WORK ITEM: Repeat the listing word for word, but skip any pictures.
(DATA begins)
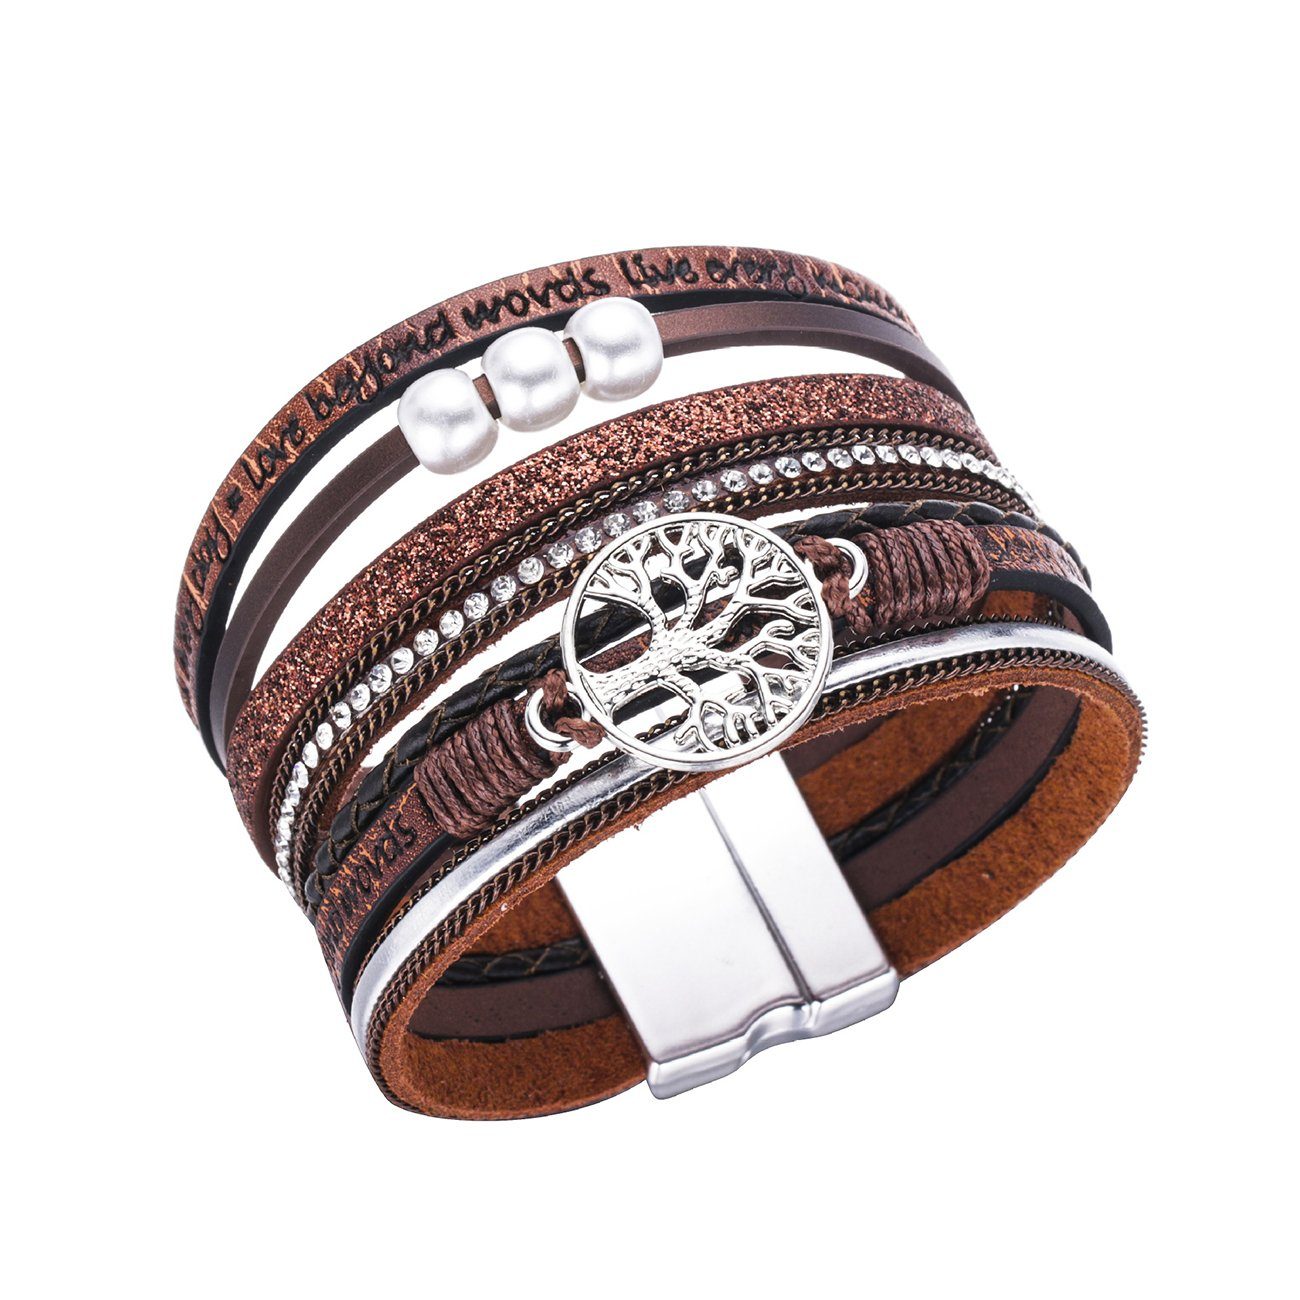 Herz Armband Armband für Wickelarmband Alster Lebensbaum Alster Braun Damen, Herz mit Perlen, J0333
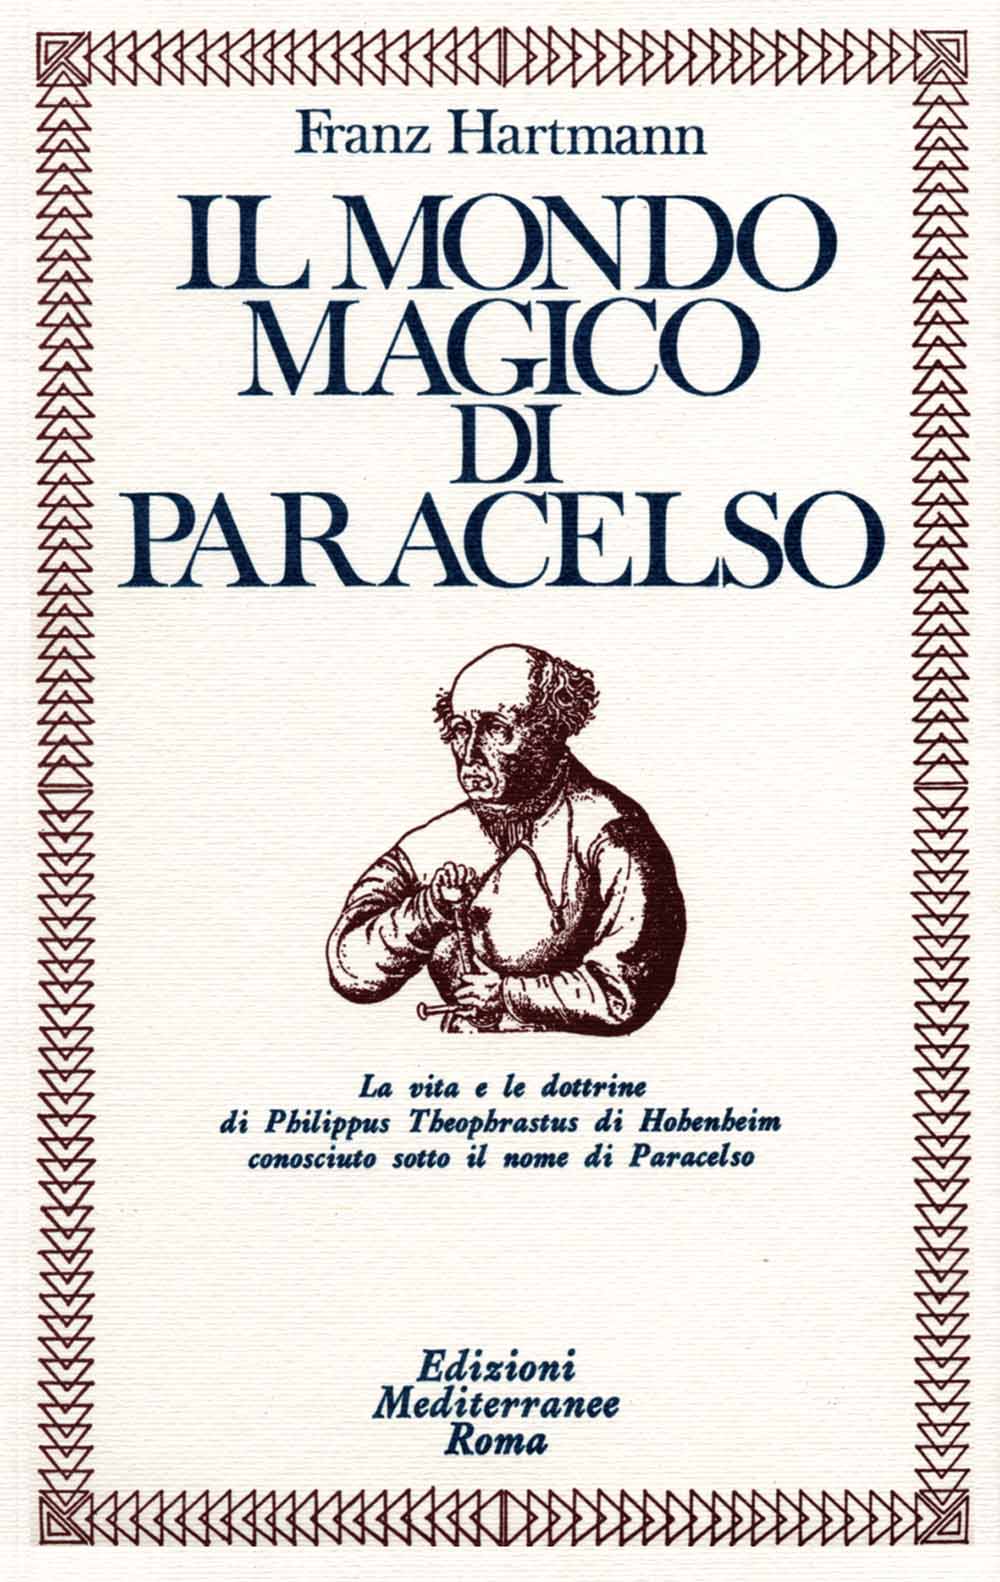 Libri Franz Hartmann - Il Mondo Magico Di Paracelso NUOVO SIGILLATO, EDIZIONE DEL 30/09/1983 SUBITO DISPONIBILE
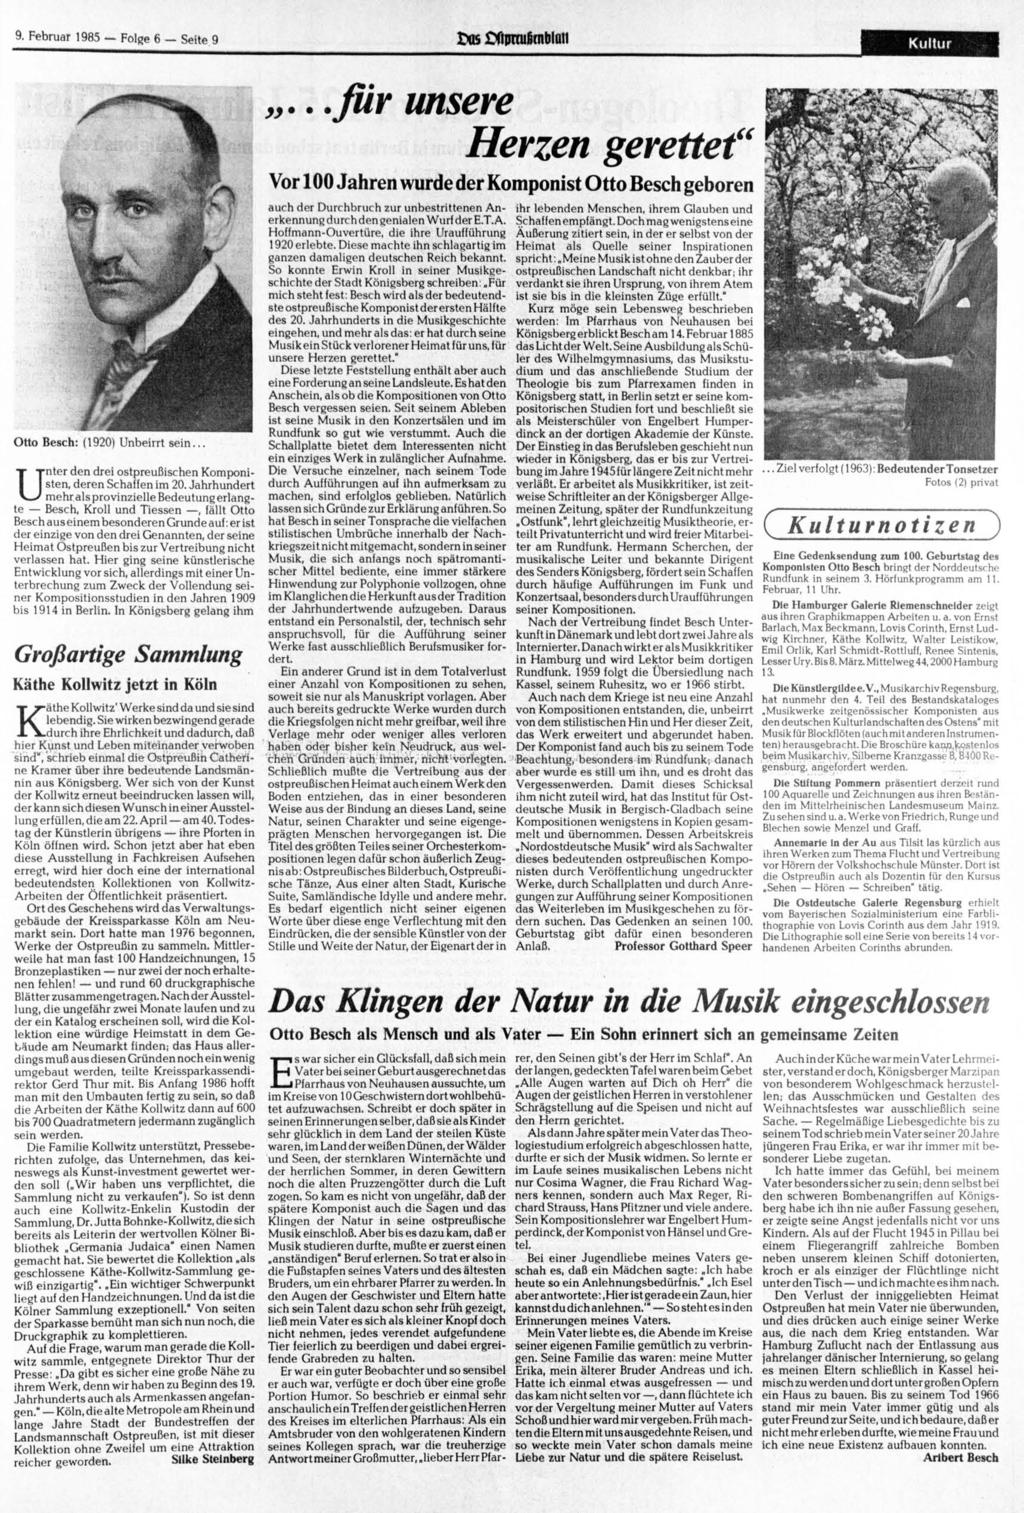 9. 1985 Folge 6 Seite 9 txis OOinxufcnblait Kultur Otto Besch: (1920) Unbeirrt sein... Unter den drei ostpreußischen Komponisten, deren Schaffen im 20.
(DATA ends)
OUTPUT BELOW:
 Herz Armband Armband für Wickelarmband Alster Lebensbaum Alster Braun Damen, Herz mit Perlen, J0333
 Libri Franz Hartmann - Il Mondo Magico Di Paracelso NUOVO SIGILLATO, EDIZIONE DEL 30/09/1983 SUBITO DISPONIBILE
 9. 1985 Folge 6 Seite 9 txis OOinxufcnblait Kultur Otto Besch: (1920) Unbeirrt sein... Unter den drei ostpreußischen Komponisten, deren Schaffen im 20.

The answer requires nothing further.